Section of Nephrology, Department of Internal Medicine and Section of Immunobiology, Yale University School of Medicine, New Haven, CT, USA

Correspondence and offprint requests to: Fadi G. Lakkis, MD, Yale University School of Medicine, Section of Nephrology, 333 Cedar Street, PO Box 208029, New Haven, CT 06520-8029, USA. Email: fadi.lakkis{at}yale.edu

Keywords: cytokines; memory T lymphocytes; primary immune response; transplantation tolerance

Transplantation tolerance can be defined as long-term allograft survival in the absence of continuous immunosuppressive therapy. Implicit to this definition is that tolerant recipients of organ transplants are unresponsive to donor antigens but maintain reactivity to other (third-party) antigens. In other words, a tolerant patient is capable of mounting an effective immune response against microbial pathogens but is incapable of rejecting the transplanted organ.
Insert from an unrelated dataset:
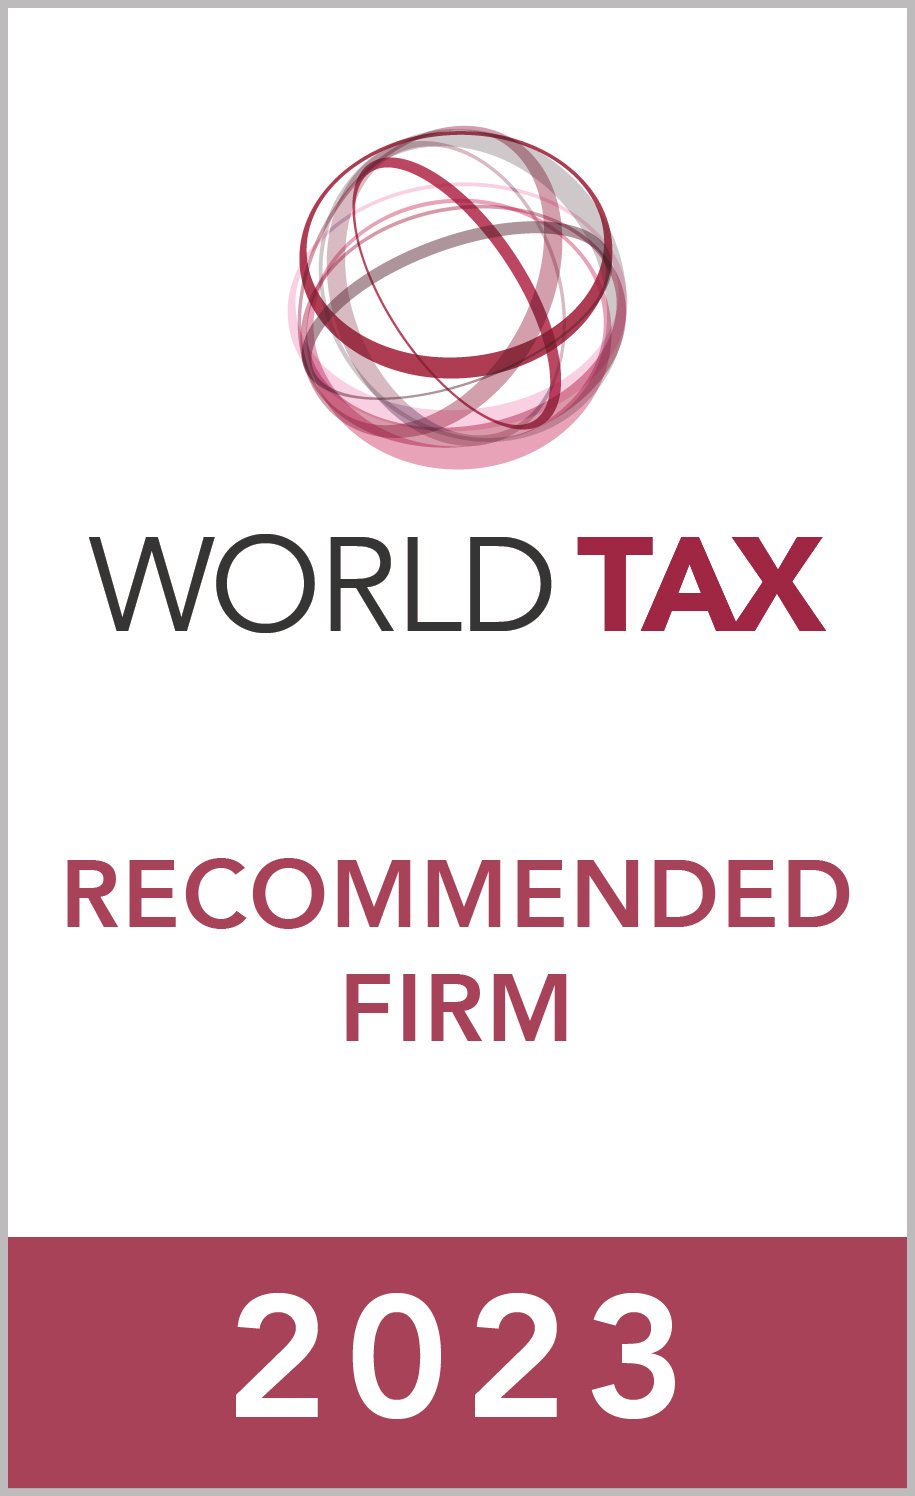 World tax recommended firm 2023

Despite a wealth of information on how tolerance to self-antigens is maintained (Figure 1), the induction of tolerance to a transplanted organ remains elusive because of several biological barriers. These barriers include the relatively large magnitude of the alloimmune response, the limitations of peripheral tolerance mechanisms, and the unavoidable fact that immune responses to foreign antigens, by virtue of evolutionary design, are destined to generate immunologic memory [1]. Here, I would like to relay the trials and tribulations of my research group, as well as those of others, to understand how tolerance to a transplanted organ can be achieved.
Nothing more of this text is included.